Exercise materials:
---*---

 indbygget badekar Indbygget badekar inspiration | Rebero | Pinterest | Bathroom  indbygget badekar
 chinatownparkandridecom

---*---

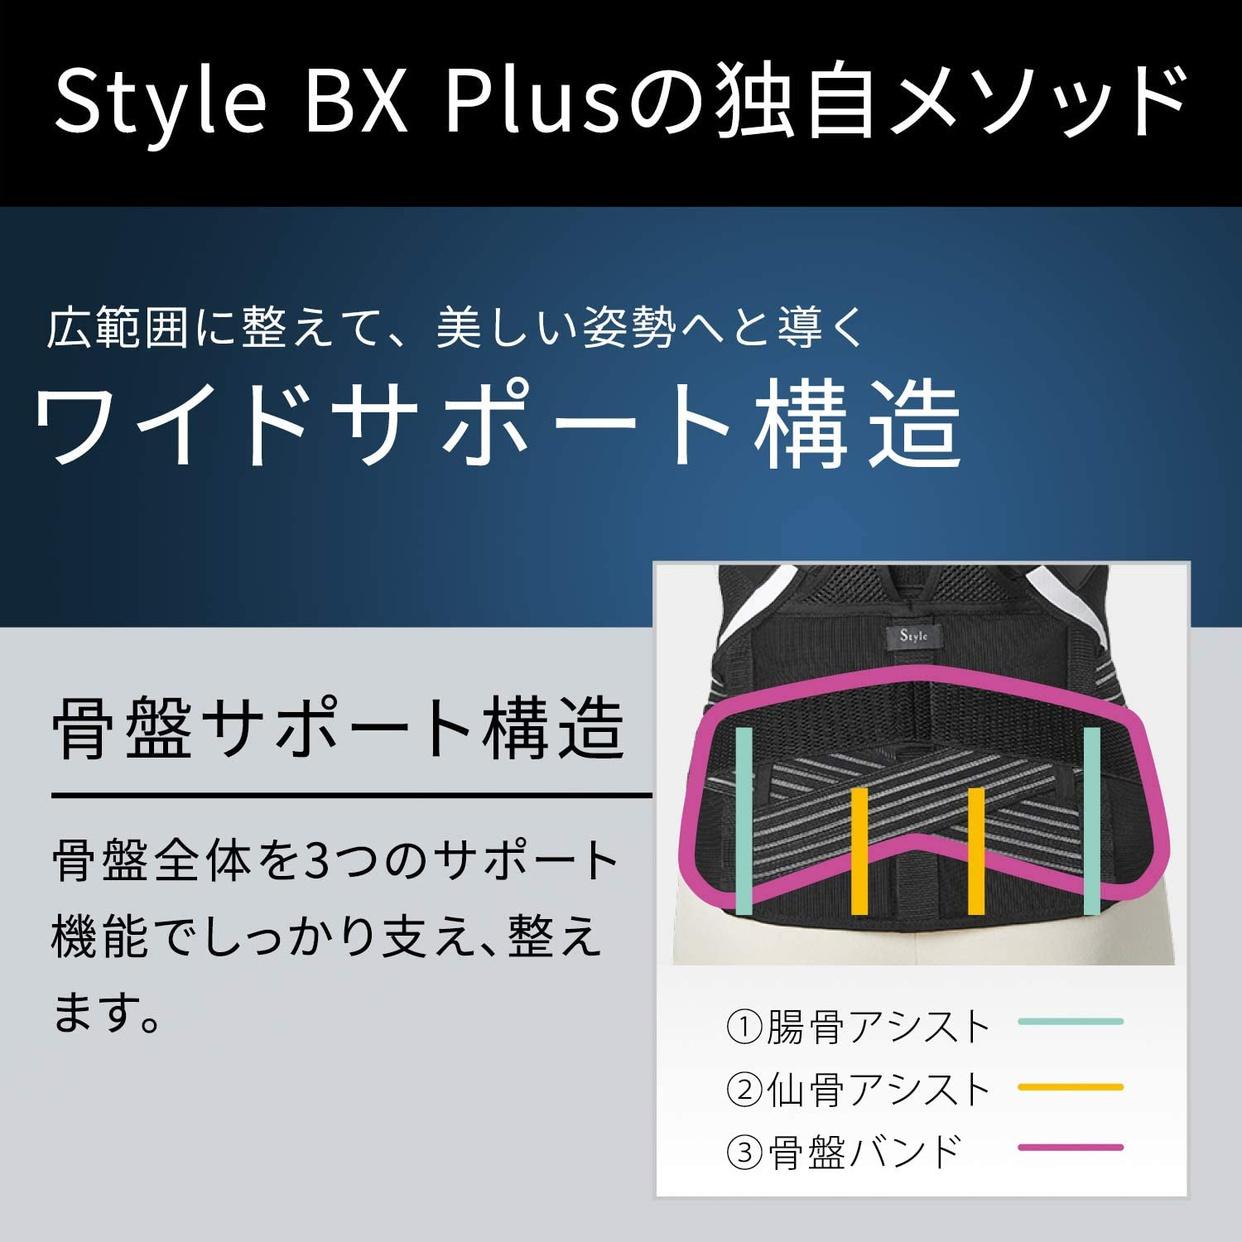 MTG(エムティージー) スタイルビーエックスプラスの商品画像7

---*---

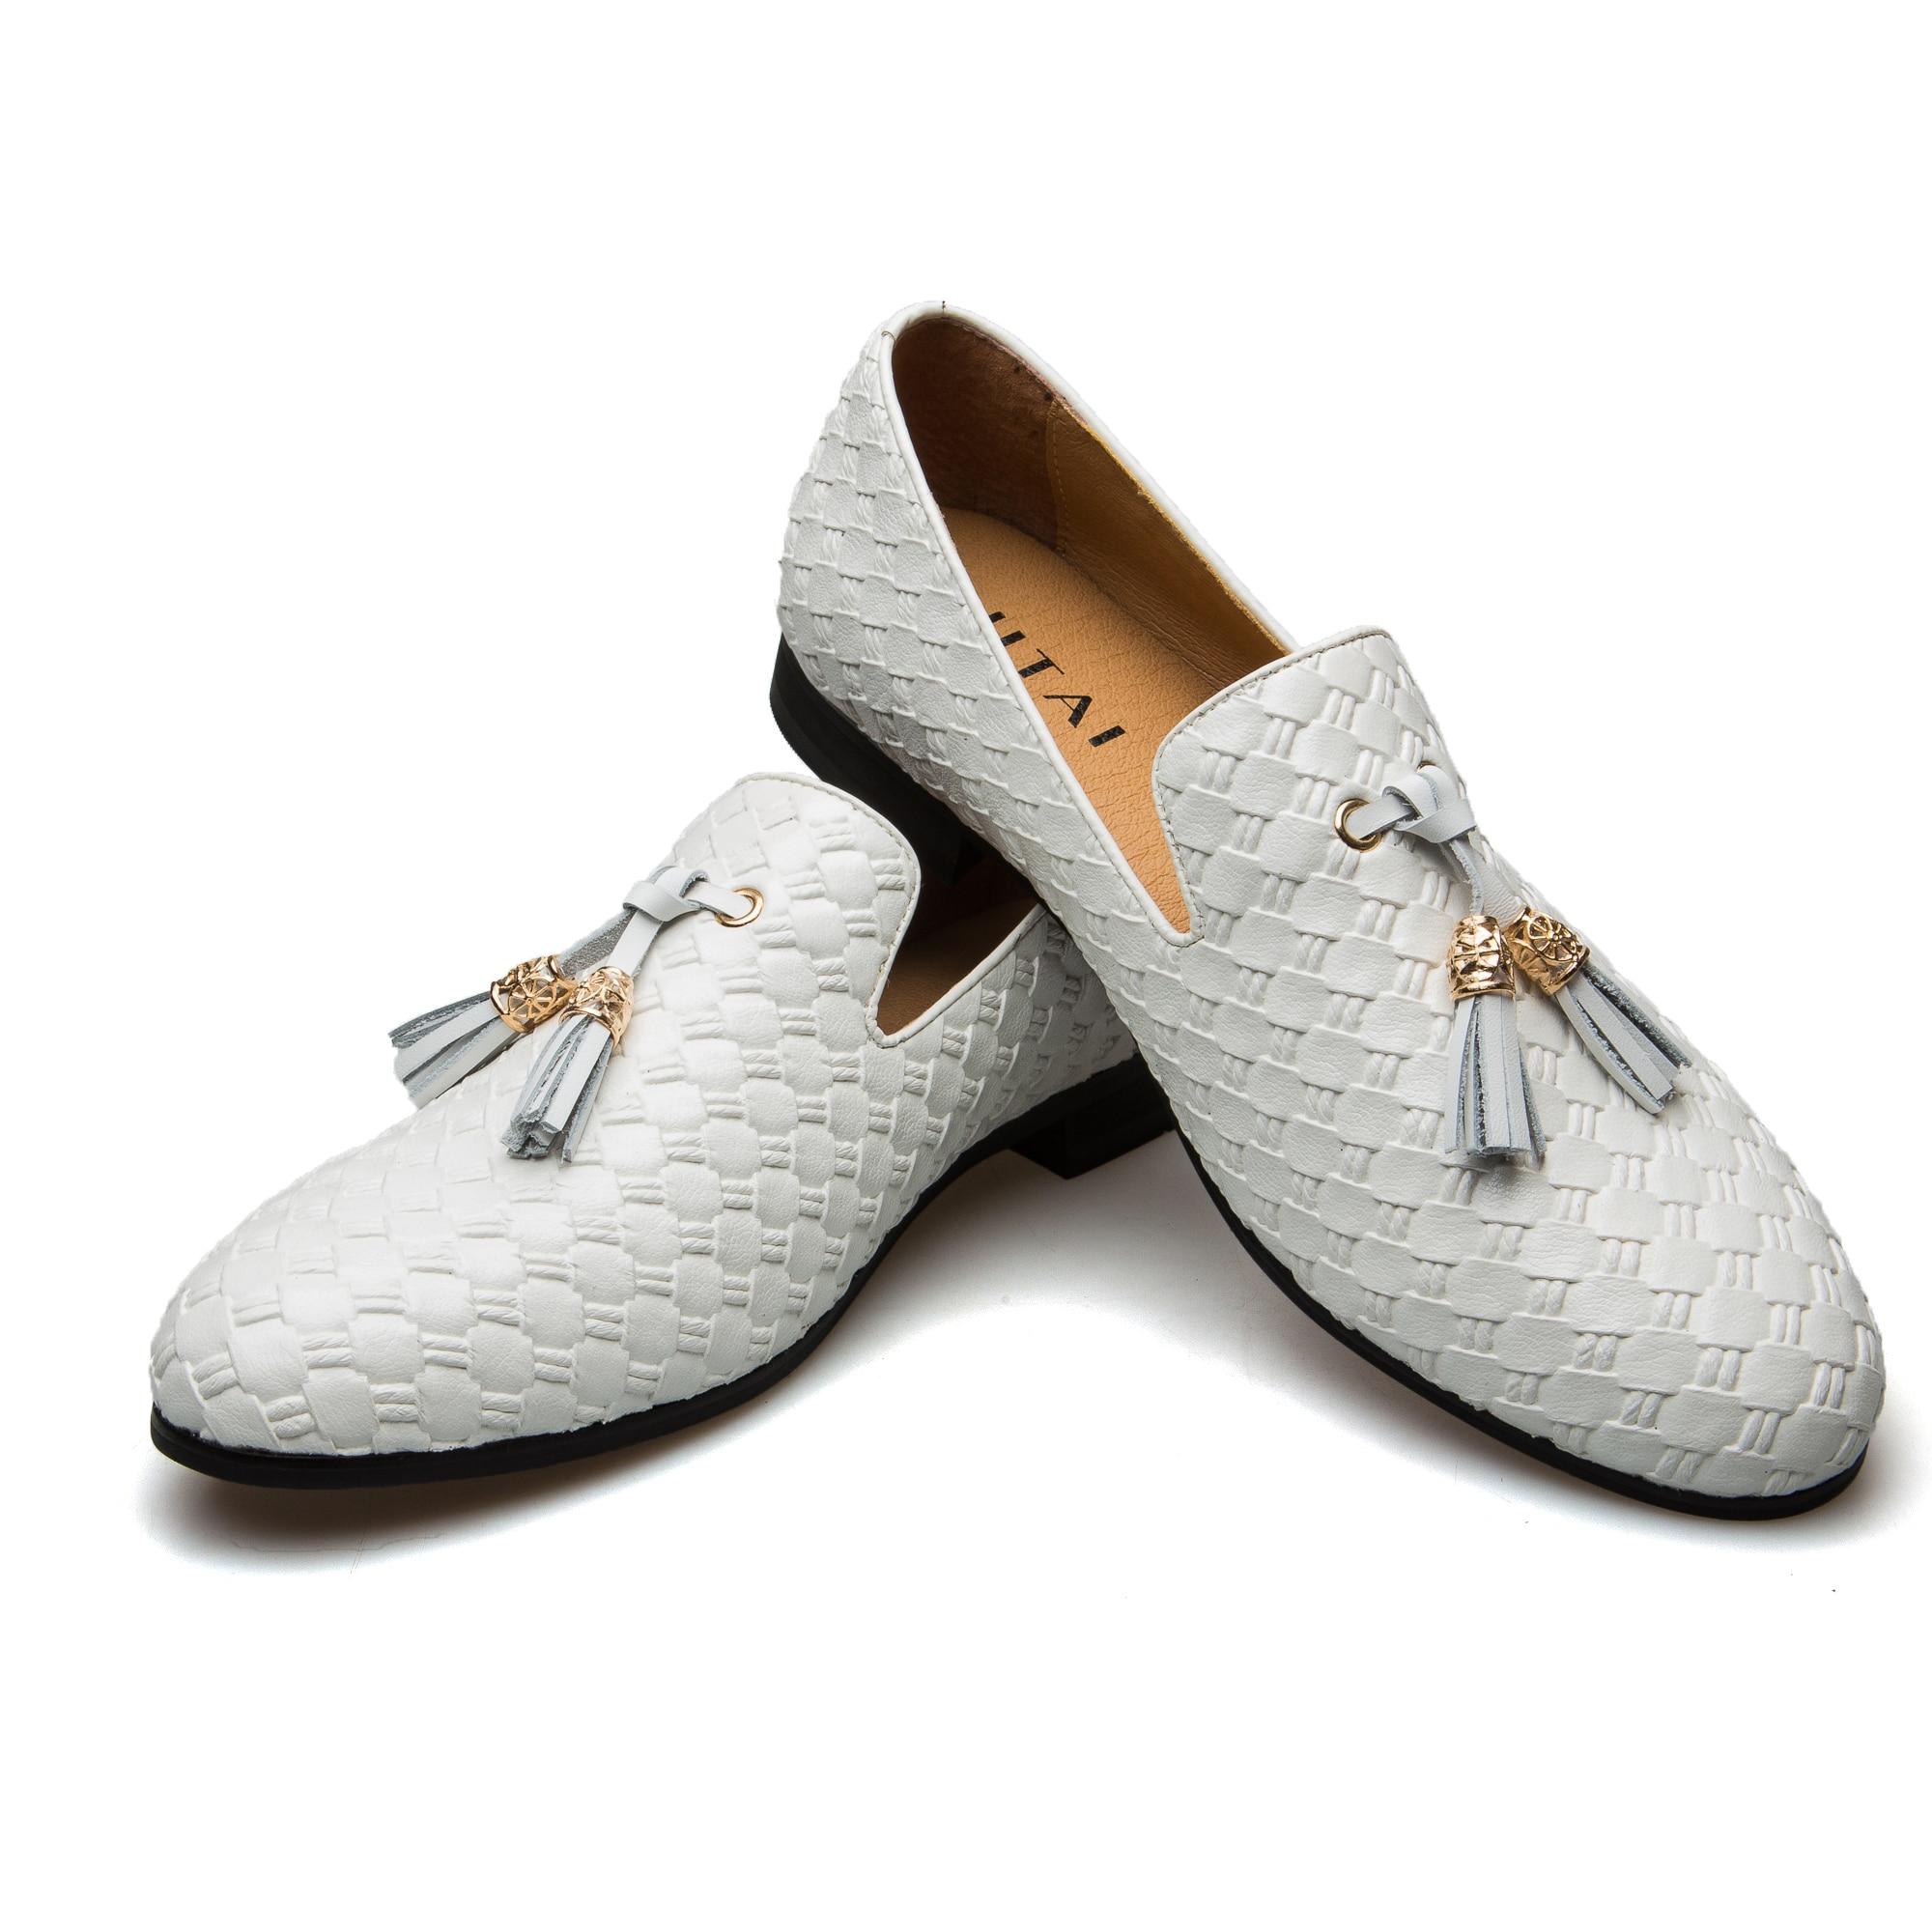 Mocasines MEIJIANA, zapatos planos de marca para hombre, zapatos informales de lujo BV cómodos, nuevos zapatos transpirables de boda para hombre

---*---

Exercise objective: Of the entries above, repeat exactly the lines between the line with "indbygget badekar Indbygget" and the line with "chinatownparkandridecom", inclusive, and no others.

Reply to the task:
 indbygget badekar Indbygget badekar inspiration | Rebero | Pinterest | Bathroom  indbygget badekar
 chinatownparkandridecom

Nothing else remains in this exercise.